If both requests can be handled very quickly by the server this will essentially double the response time. If your roundtrip time is 200ms, using PRG will cause a minimum delay of 400ms between submitting the form and the result page being visible. This issues has to be put in perspective with reality, however. The server will need some time processing both requests, so the percentage of time needed for the roundtrips decreases with the amount of time server processing time takes. The response from the POST itself can be extremely small (few hundred bytes), because only the headers need to be transmitted.
In practice I haven't noticed a real performance problem with PRG. A slow app will stay slow, a fast one won't truly suffer from the extra roundtrip. And besides, if you replace POSTs by GETs where appropriate the effect of PRG will be even less noticeable.
The problem with ASP.NET WebForms
Now that you know about POST-Redirect-GET you are of course eager to use it (at least I hope I could convince you). But as an ASP.NET WebForms developer you will soon run into problems: ASP.NET WebForms is fundamentally based on POSTs to the server. In essence, all ASP.NET web pages are wrapped in one huge <form> element with "method" set to "POST". Whenever you click a button, you essentially POST all form fields to the server. Of course you can redirect from a Button.Click handler. If you do so, you're applying PRG. At the same time you're working quite against the WebForms philosophy, especially the ViewState (which will get lost as soon as you redirect), which will force you to rethink a lot of your application logic.

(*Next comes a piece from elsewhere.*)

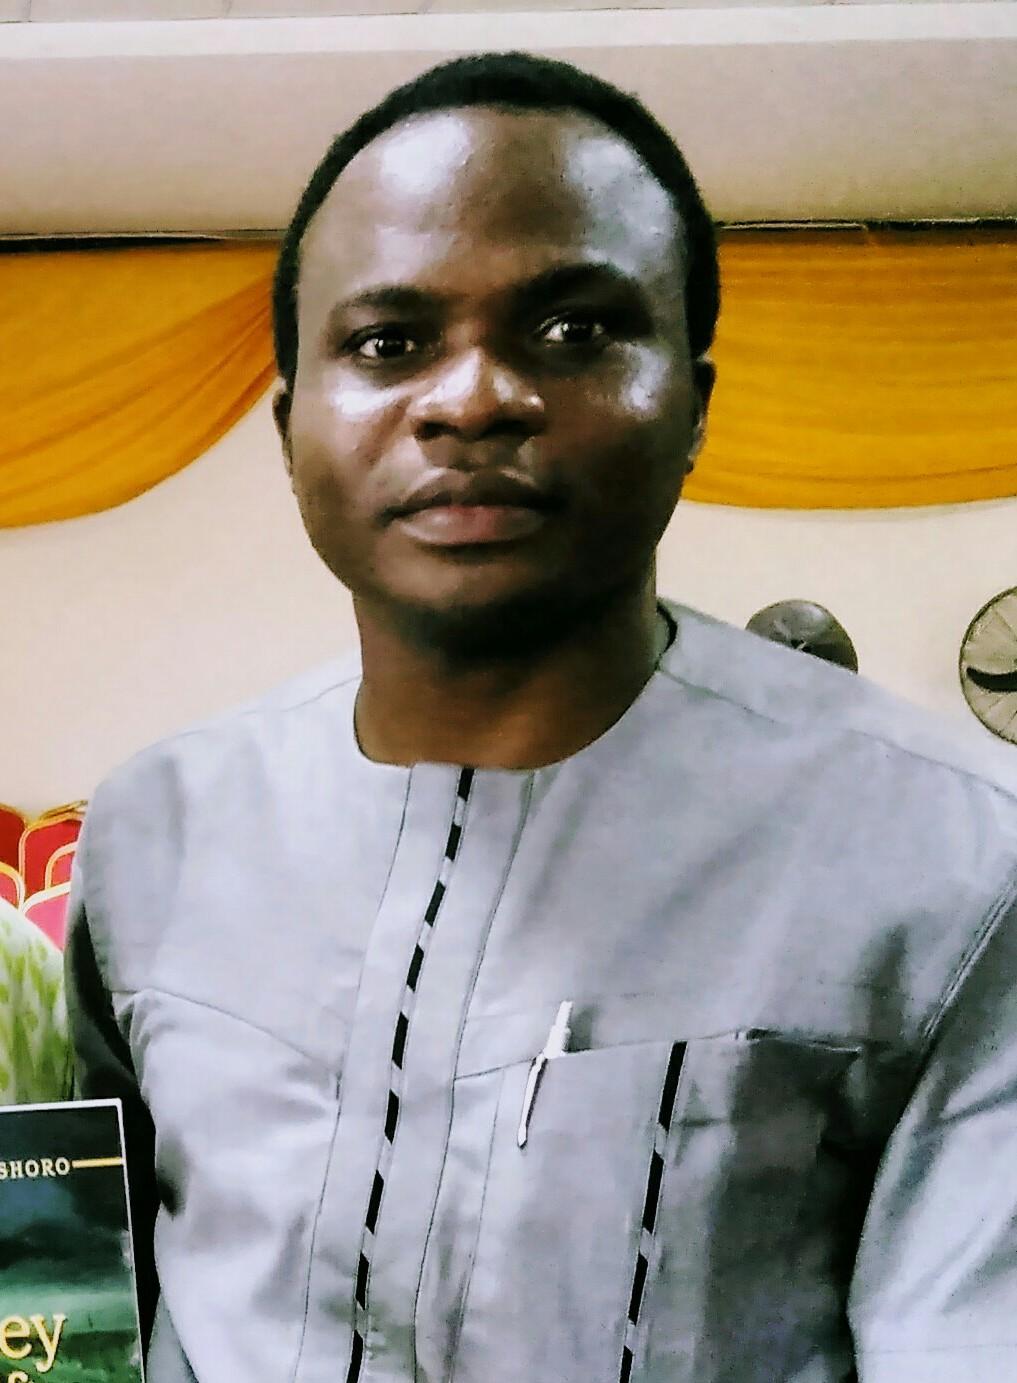 Adeshola Kukoyi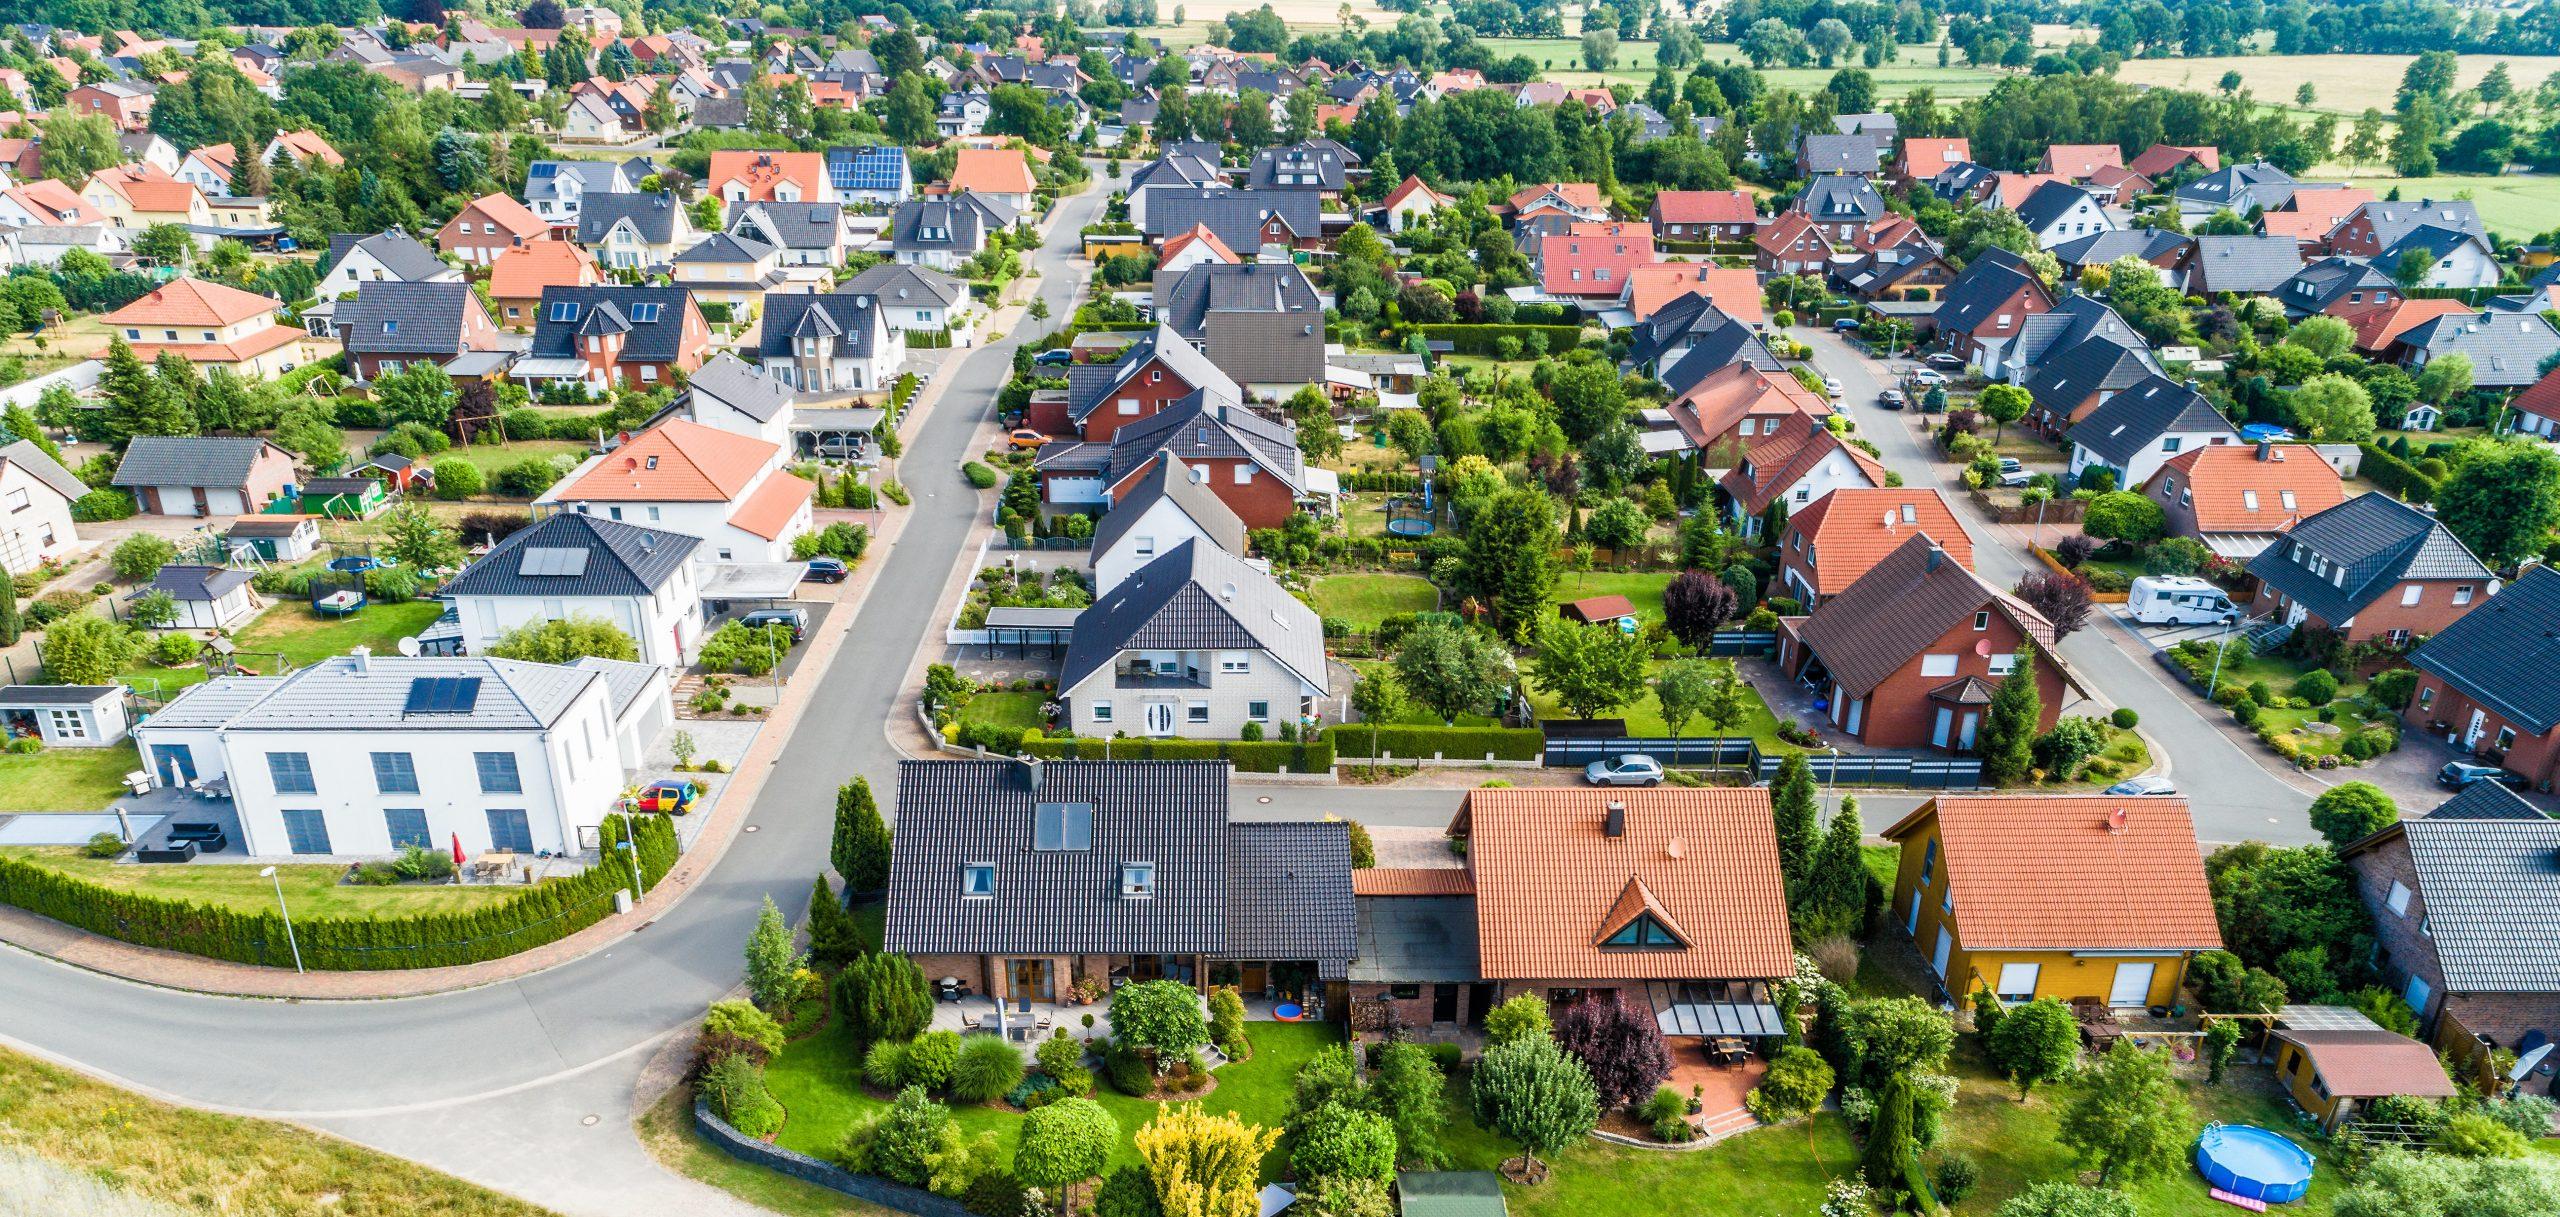 Kompleksy domów jednorodzinnych – wygoda oraz bezpieczeństwo

And if you don't rely on all this postback behaviour inherent to ASP.NET WebForms you might as well ask why you're using WebForms in the first place.
This makes clear why a lot of developers (including me) think that WebForms are inherently "broken" (viewstate, ubiquitous postbacks and the hard-to-mock HttpContext are just a few reasons). If you share these concerns but like .NET just as I do, you might want to look at alternate .NET based web frameworks such as Castle MonoRail or ASP.NET MVC.
PRG and AJAX
In situations where you use AJAX the whole PRG issue becomes a new story. AJAX responses don't appear in the history, you wouldn't want to bookmark them and refreshing a web page does not re-issue any AJAX requests (except those fired on page load). Therefore I have no problem with returning entitiest (HTML fragments, JSON, XML) from AJAX POSTs - PRG is not of much use here.
To conclude this article here's a list of some basic rules that have been useful to me:
- Use POST-Redirect-GET whenever you can, that is: whenever you process a POST request on the server, send a redirect to a GETtable resource as response. It's applicable in almost all cases and will make your site much more usable for the visitor
- Don't POST what you can GET. If you only want to retrieve a parameterised resource it might be completely suitable to use a GET request with query string parameters. Google is a good example. The start page contains a simple form with a single text field to enter the search terms. Submitting the form causes a GET to /search with the search terms passed as the query string parameter q. This can be easily done by providing method="GET" on the <form> element (or just leave out the method attribute, as GET is the default).
- POST requests from AJAX are allowed to return entities directly as they don't suffer from the problems like "full" POSTs.